Christie Bodden

Personal information
- Full name: Christie Marie Bodden Baca
- National team: Panama
- Born: 3 March 1990 (age 36) Panama City, Panama
- Height: 1.67 m (5 ft 6 in)
- Weight: 51 kg (112 lb)

Sport
- Sport: Swimming
- Strokes: Backstroke
- College team: Stony Brook University (U.S.)

= Christie Bodden =

Panamanian swimmer (born 1990)

Christie Marie Bodden Baca (born March 3, 1990) is a Panamanian former swimmer who specializes in backstroke events.

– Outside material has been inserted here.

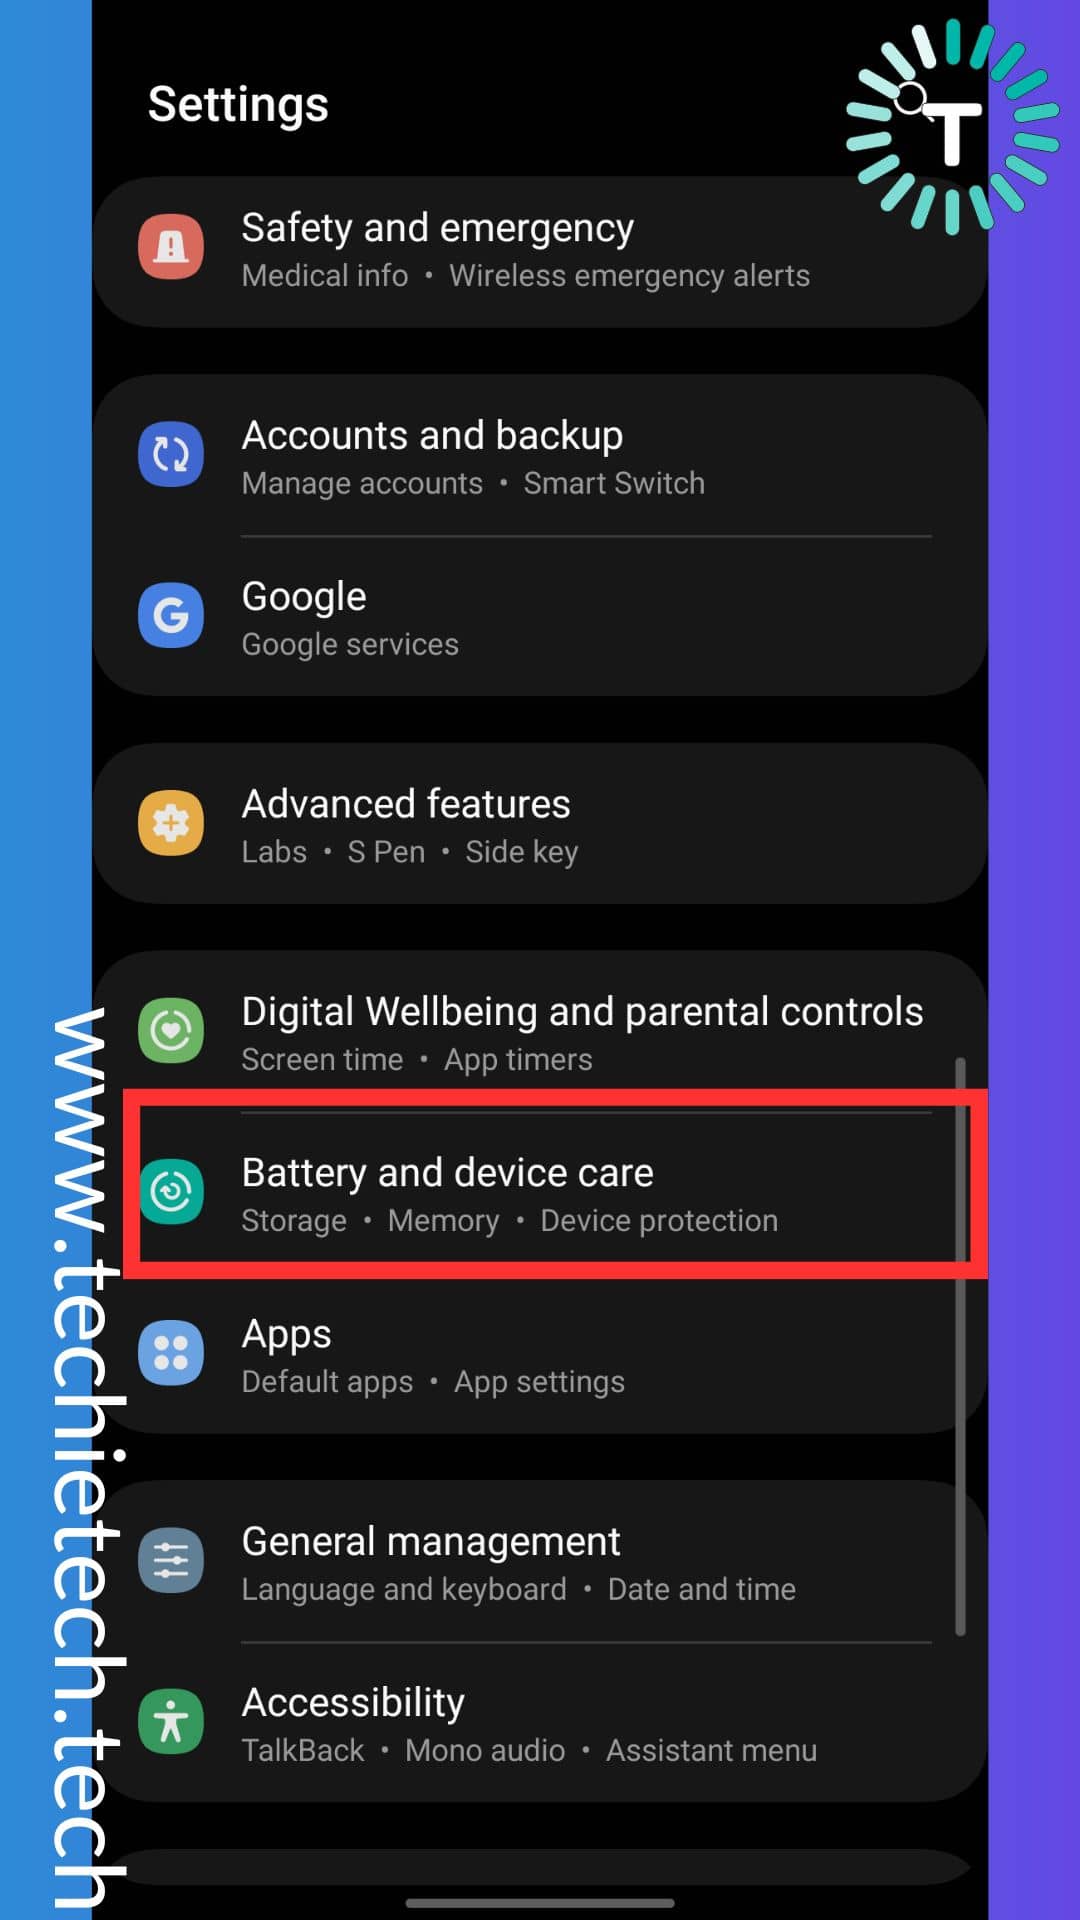 Go to the Settings of the device, and tap on Battery and Device care

She has been selected to represent Panama at the 2008 Summer Olympics, placing among the top 48 swimmers in the women's 100 m backstroke.

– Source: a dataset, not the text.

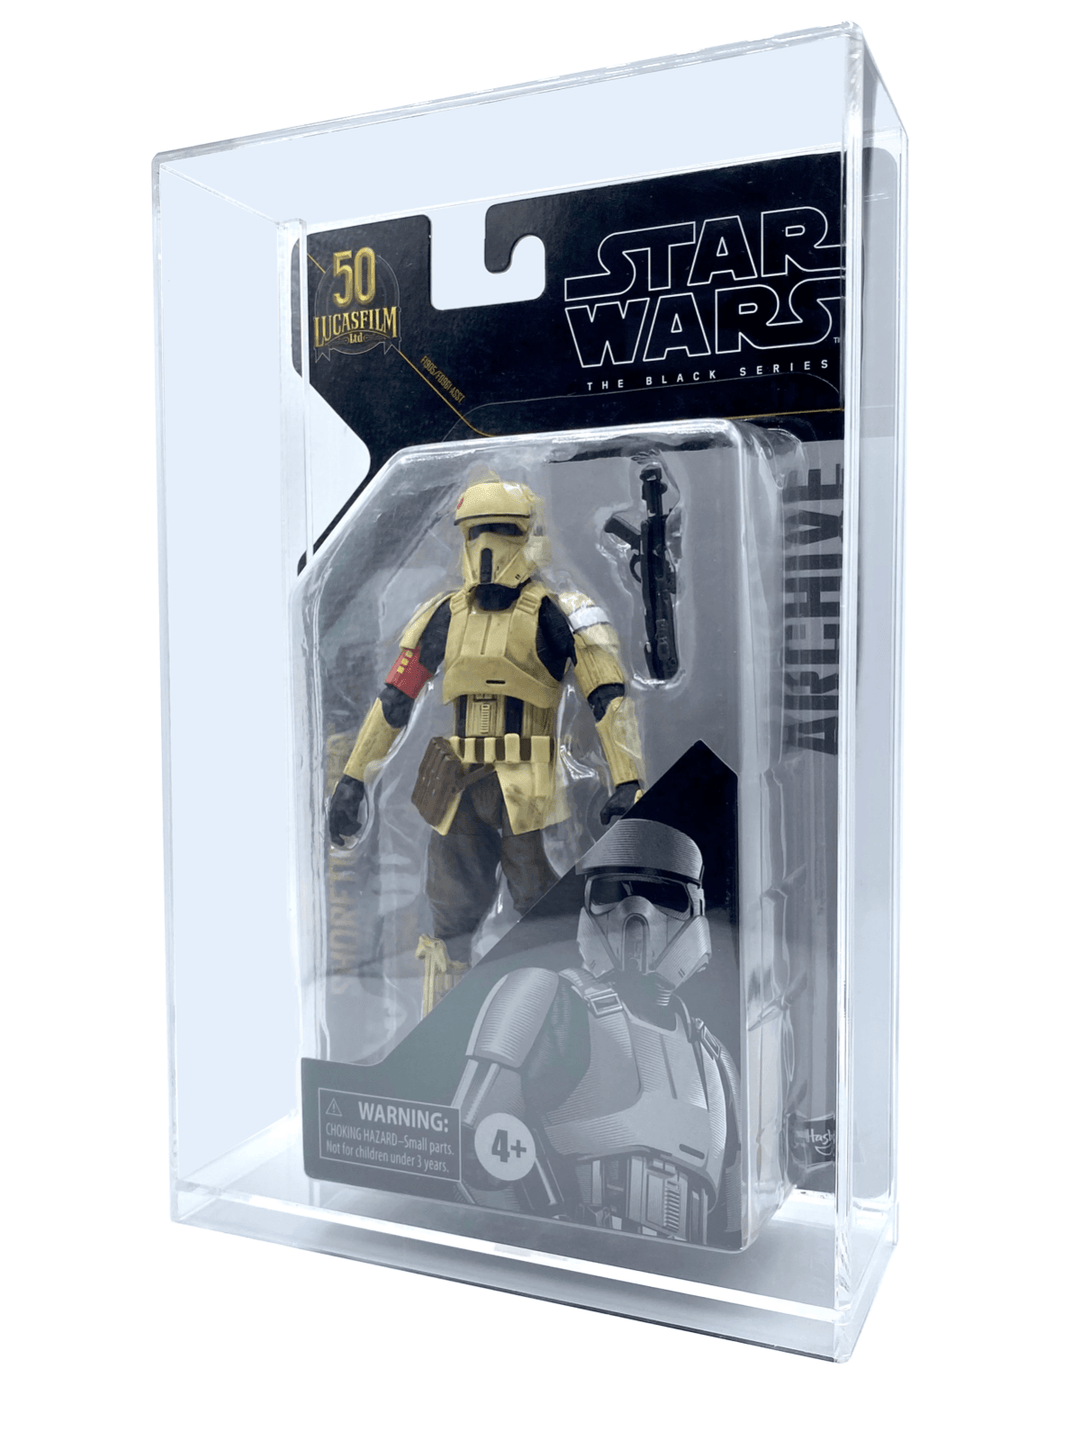 Acrylic Display Case for Action Figures - Caseforceco

Bodden was invited by FINA to compete as a lone female swimmer for Panama in the 100 m backstroke at the 2008 Summer Olympics in Beijing. Swimming against Bermuda's Kiera Aitken and Paraguay's María Virginia Báez in heat one, Bodden faded down the stretch to round out the small field to third place in 1:07.18. Finishing last out of 48 entrants in her event, Bodden failed to advance to the semifinals.

A business management graduate of Stony Brook University in Stony Brook, New York, Bodden currently works as a brand manager for top selling brands in Panama.